Investors loaded up on Treasurys Thursday as rising tensions in the Middle East kept oil prices high.
The price of the 10-year Treasury note rose 28.1 cents per $100 invested. Its yield, which moves in the opposite direction, fell to 3.46 percent from 3.49 percent late Wednesday.
Traders shifted money out of stocks and into more stable assets as the conflict between Libyan protesters and forces loyal to Moammer Gadhafi intensified.

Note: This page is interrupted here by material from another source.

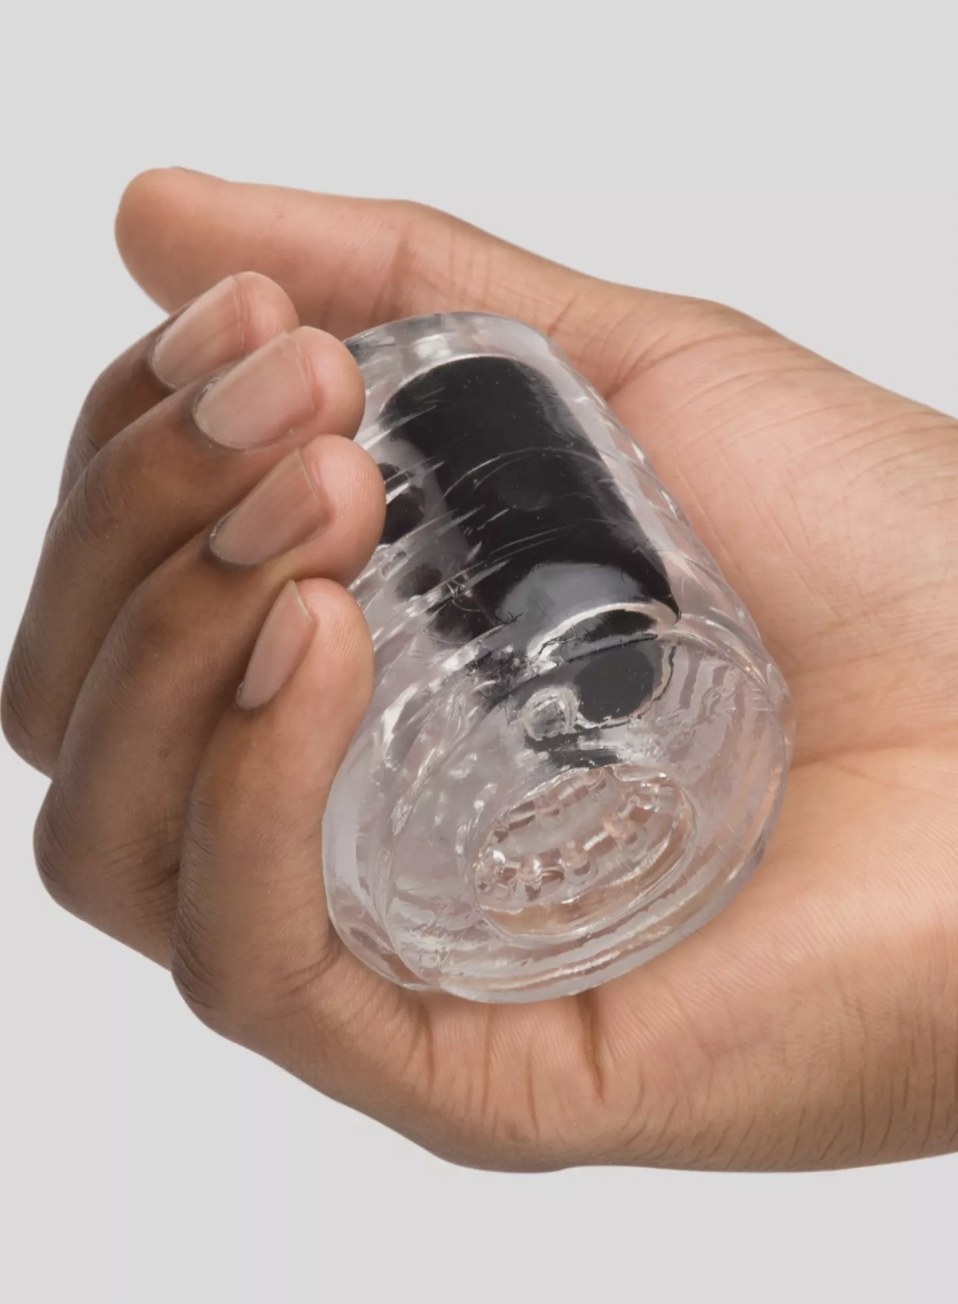 The clear vibrating stroker held in someone&#x27;s palm

The eastern part of the country is now largely controlled by anti-government forces.
"It's disconcerting to see governments toppled or get strongly challenged every two weeks," said Jim Vogel, a debt analyst at FTN Financial.
Investors also watched oil prices cross $100 a barrel earlier Thursday before backing down to settle above $97 after news that oil production in Libya hadn't been cut as much as feared. Higher oil prices are causing concerns that the economic recovery could be stifled. Libya is the world's 15th largest exporter of crude, accounting for 2 percent of global daily output.
The Treasury Department wrapped up its auctions this week with a $29 billion sale of seven-year notes. Demand was better than the previous two auctions, Vogel said. The $35 billion sale in three-year notes Tuesday and the $35 billion sale of $35 billion in five-year notes Wednesday were both weaker than expected.
In other trading, the price of the 30-year Treasury bond rose 65.6 cents per $100 invested, while its yield fell to 4.55 percent from 4.59 percent late Wednesday. The yield on the two-year note slipped to 0.74 percent from 0.76 percent.
In the market for short-term Treasury bills, the three-month T-bill paid a 0.12 percent yield. Its discount was 0.13 percent.